SOLID is organized around location (url, folder, file, etc), rather than contents or data irrespective of location (by example, differing from IPFS etc) .

Have people explored other options that are still “SOLID” but more organized around content / data .

Essentially, SOLID talks about owning and controlling data etc, but that isn’t really possible, it is merely the location .

SOLID Access Control regards PODs, folders, files, etc, it does not regard contents, data (graphs, triples, individual URIs, etc) .

For instance, and by example, what if I just client side encrypted my URIs and triples, and then put them anywhere that had consistent public access ?

What else is / gets interesting here ?

@pukkamustard recently published some very interesting work on SocialHub: https://socialhub.activitypub.rocks/t/content-addressing-and-signatures/744

4 Likes

Thanks for the mention @aschrijver!

Yes! I have recently done some work towards this and am thrilled to see this being mentioned.

The basic idea is to make RDF content-addressable, in contrast to location addressable, in a way that keeps it compatible with existing data.
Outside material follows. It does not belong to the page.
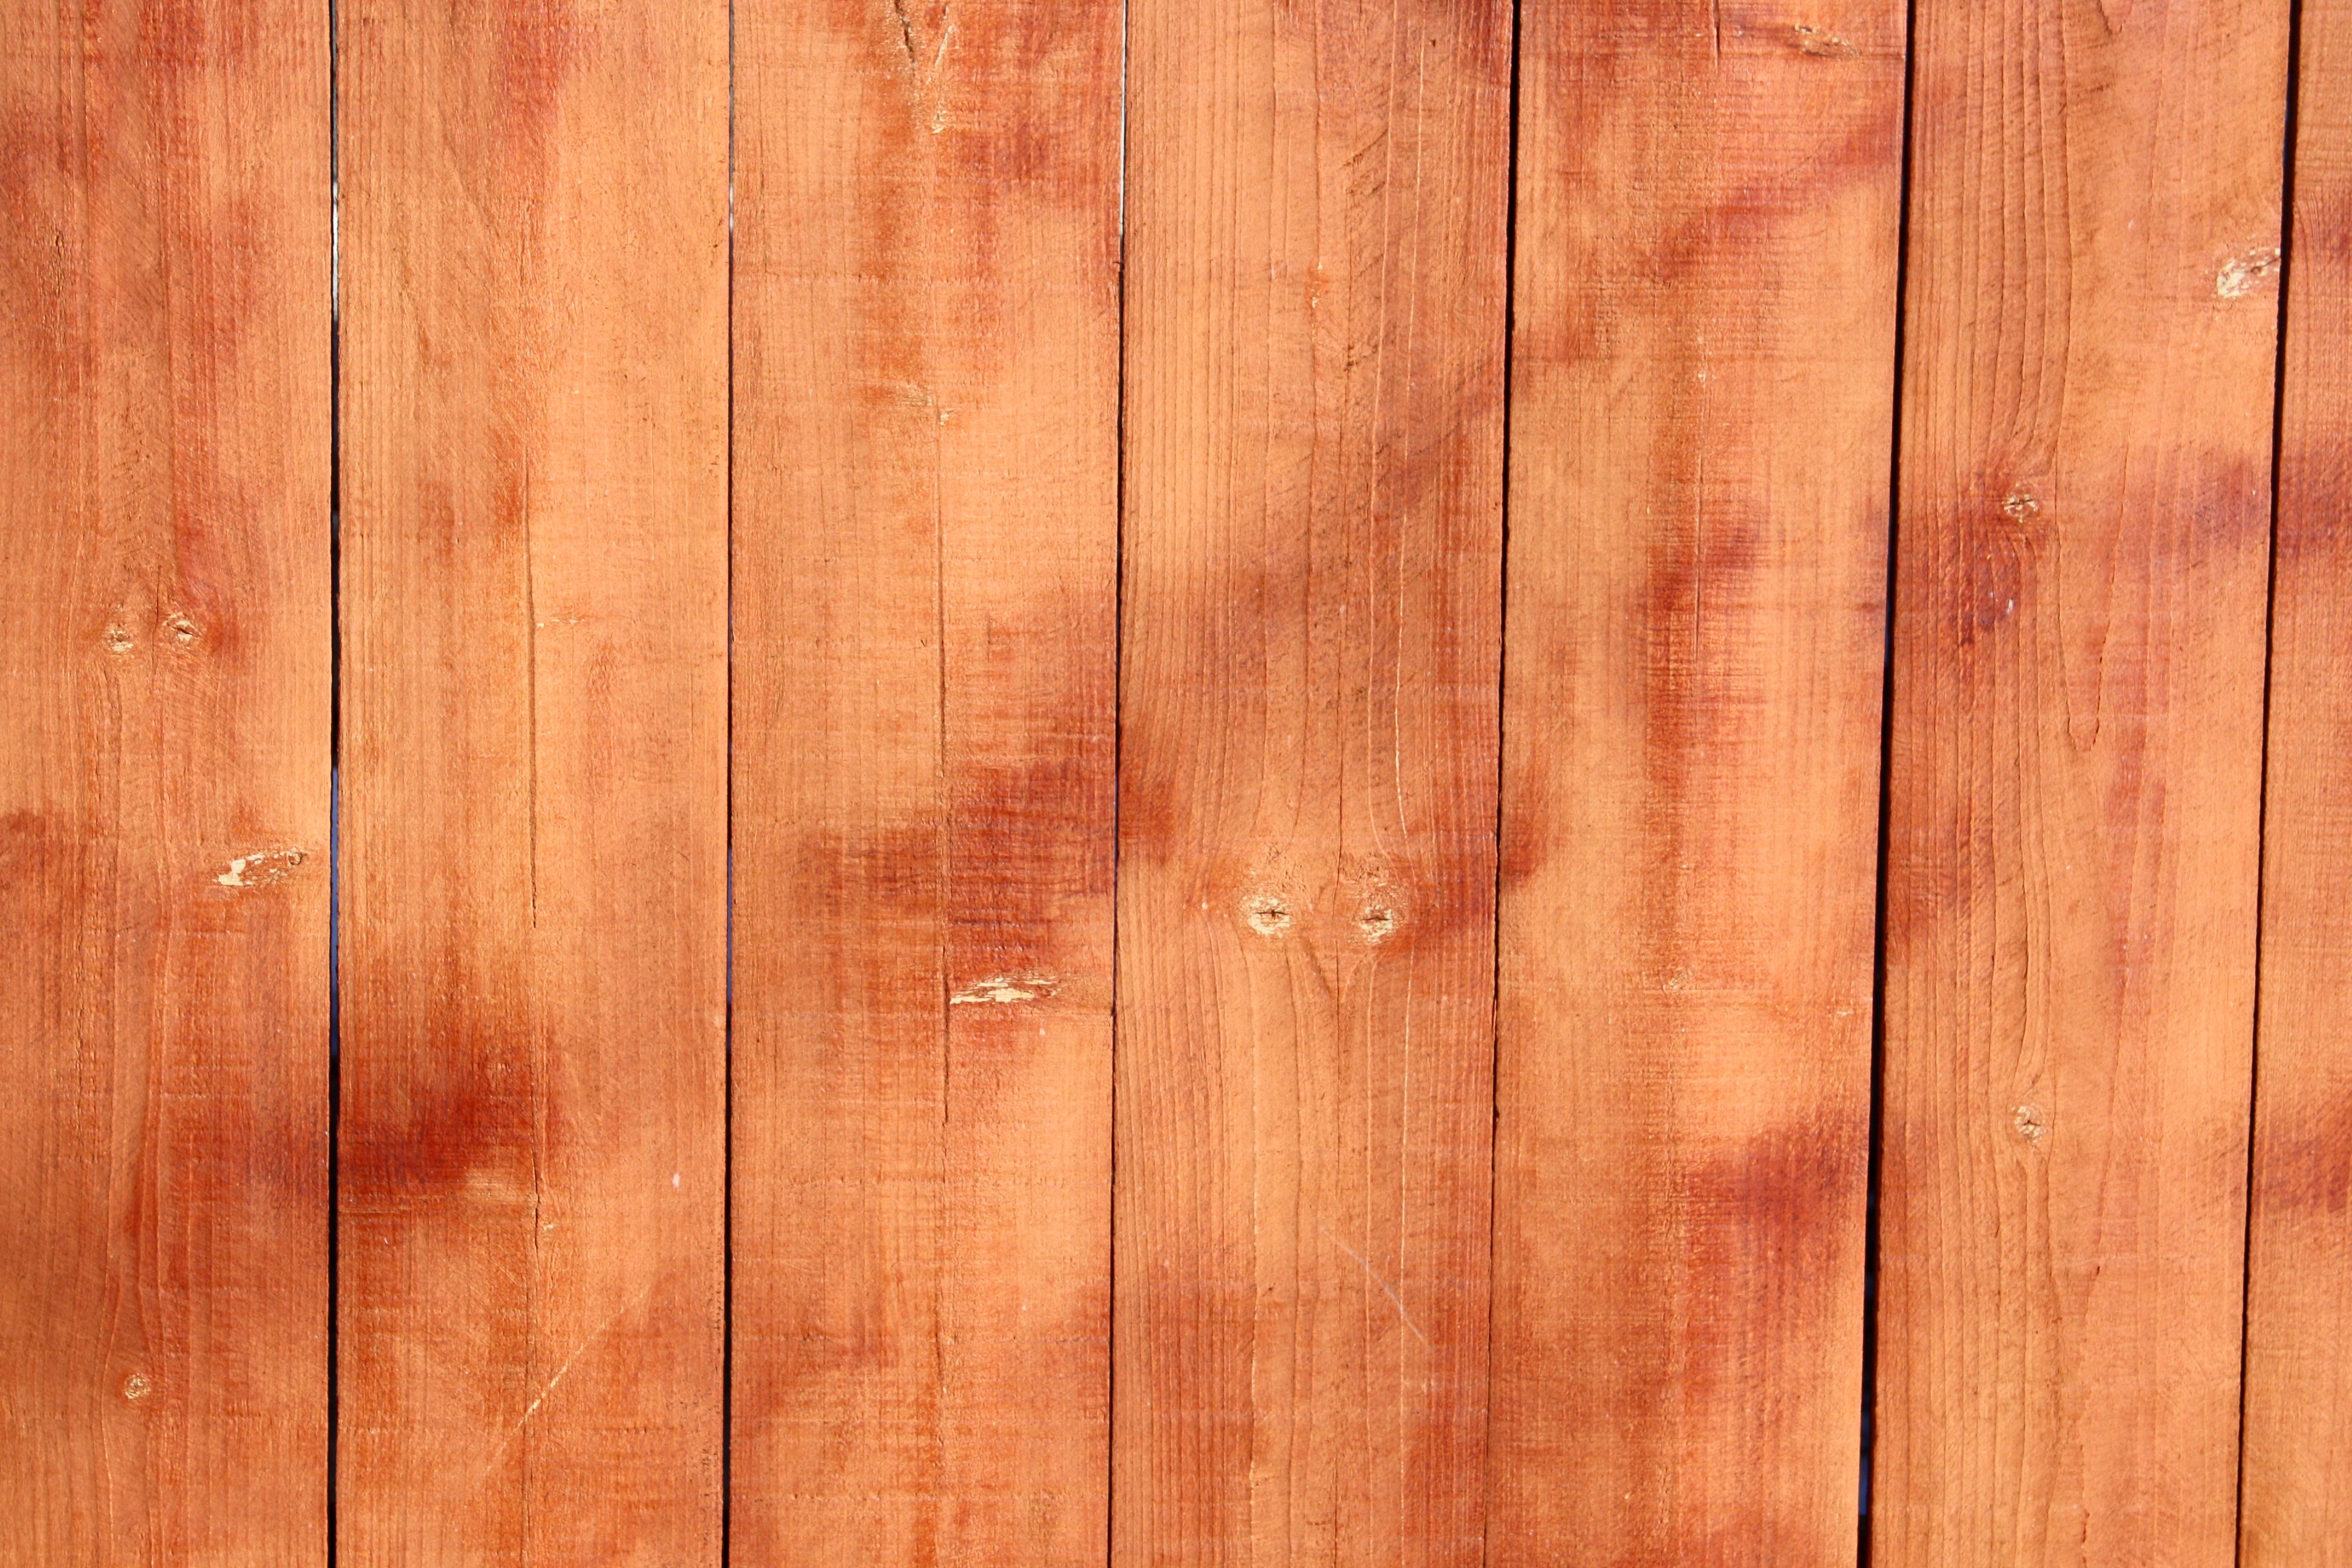 Stained Wooden Fence Boards Closeup Texture Picture | Free ...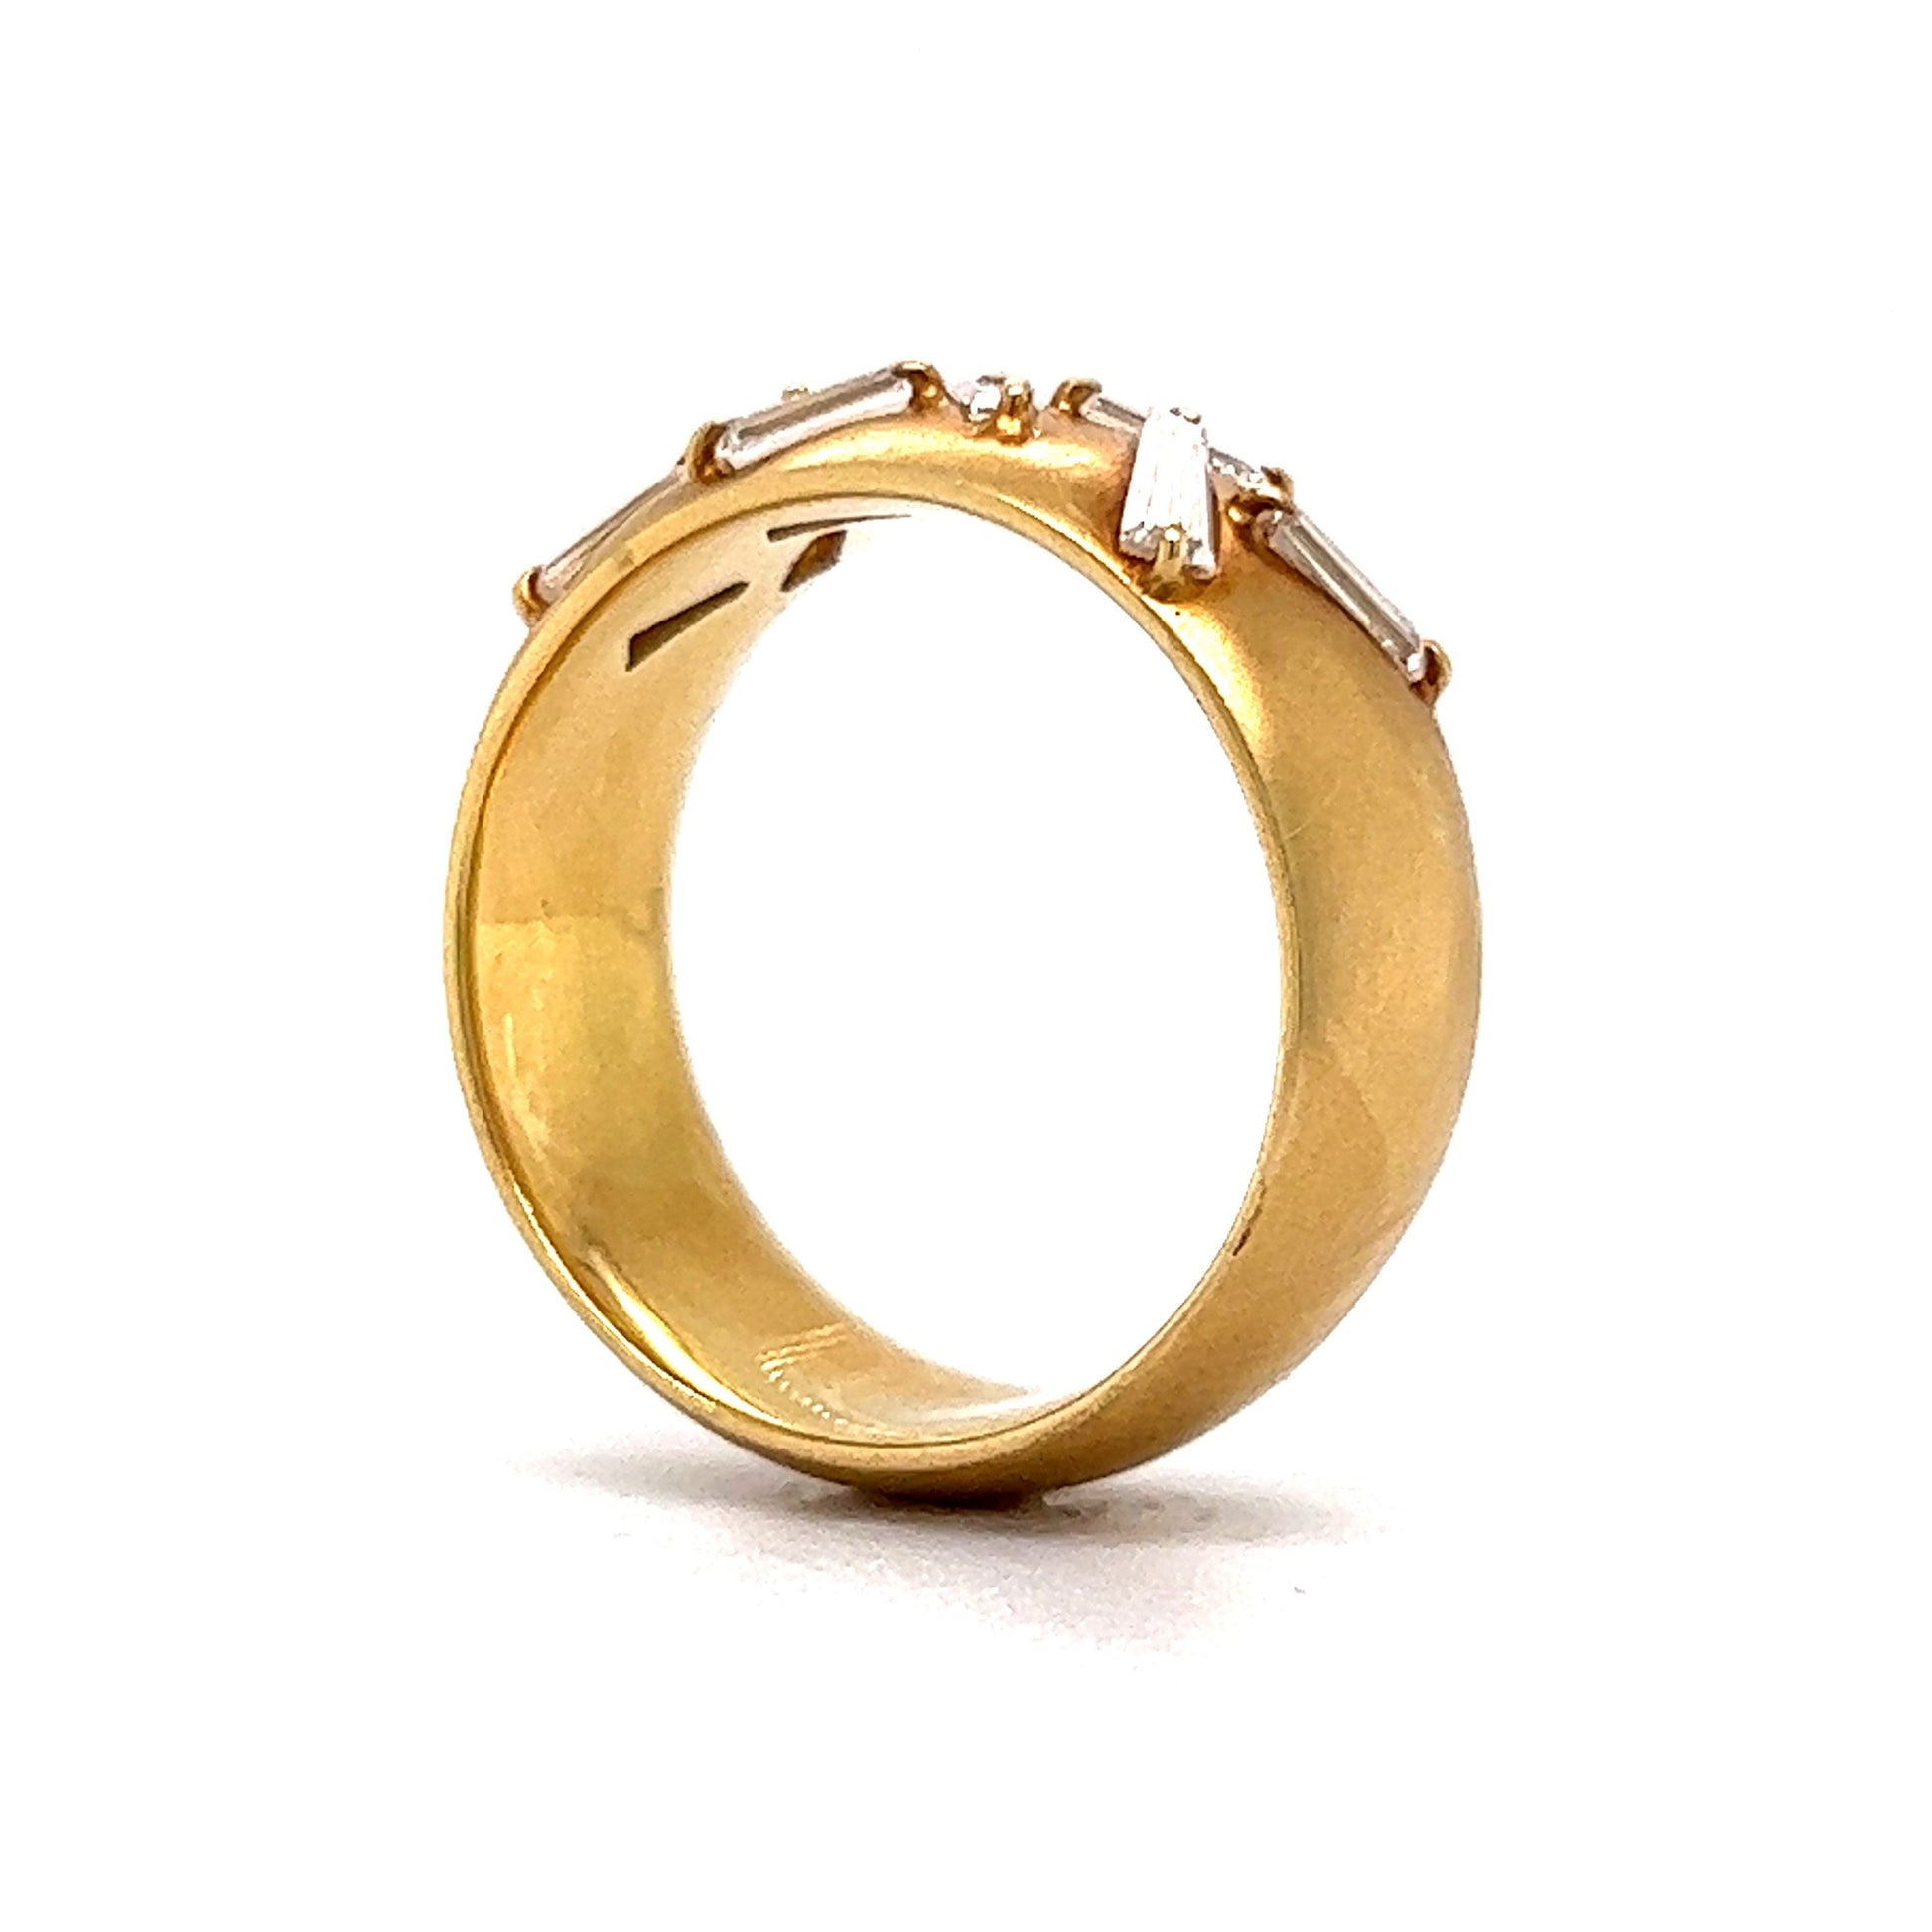 Wide Tapered Baguette Diamond Band in 18k Yellow Gold

Basic idea is to reference a set of RDF triples by the hash digest of the triples themselves.

I think there are three tricks involved:

  1. Define a grouping of RDF triples
  2. Define a canonical representation for this grouping of RDF triples
  3. Use a URN to describe the grouping

I have a proposal on how to do this here: Content-addressable RDF.

This is an interesting point. Naive content-addressing does not address the issue of confidentiality. Pieces of content are not encrypted and any transporting and caching peers will be able to read content. Also for large contents the entire content is stored in an entire chunk, making transport complicated.

To solve this there has been previous interesting work (Tahoe-LAFS, the file-sharing application of GNUNet and Datashards).

We have a proposal on how to do this that is optimized for smaller file-sizes and adds an verification-capability that allows caching peers to cache the entire content without being able to read the content: An Encoding for Robust Immutable Storage.

We also have a demo that shows both ideas (content-addressable RDF + Encrypted content-addressing): An Encoding for Robust Immutable Storage - Demo.

I believe that RDF is a very well suited data-model for decentralized systems (even more decentralized than what SOLID and ActivityPub currently are). I see content-addressing as the stepping stone to be able to use RDF in decentralized systems.

As part of the openEngiadina we intend to explore these ideas.

5 Likes

@markjspivey have you read @sergejspomer’s post and work? Much of it is about how best to organise data in Solid. See: Concepts for apps in a decentralised web (Solid forum)

This lead to a discussion on the SAFE forum which is a good exploration of both his work, and a way to combine both the useful metaphors of addressing by location (folders, files etc), addressing by classification (labels which identify the creating app, data types such as photo, image etc, classifications such as personal, business, financial etc, mostly applied automatically), and where all data is also inherently content addressed (so three metaphors which all work together orthogonally). See: Concepts for apps in a decentralised web (SAFE forum)

I’m very interested to read about a fourth, using content addressing of triples @pukkamustard. RDF is a native data type for SAFE, so I’ll have a think about how this could work with capability based access control. I think it will be fine because access control is orthogonal - addressing by content is just knowing where the data is. You will still need permission in order to access and decrypt it.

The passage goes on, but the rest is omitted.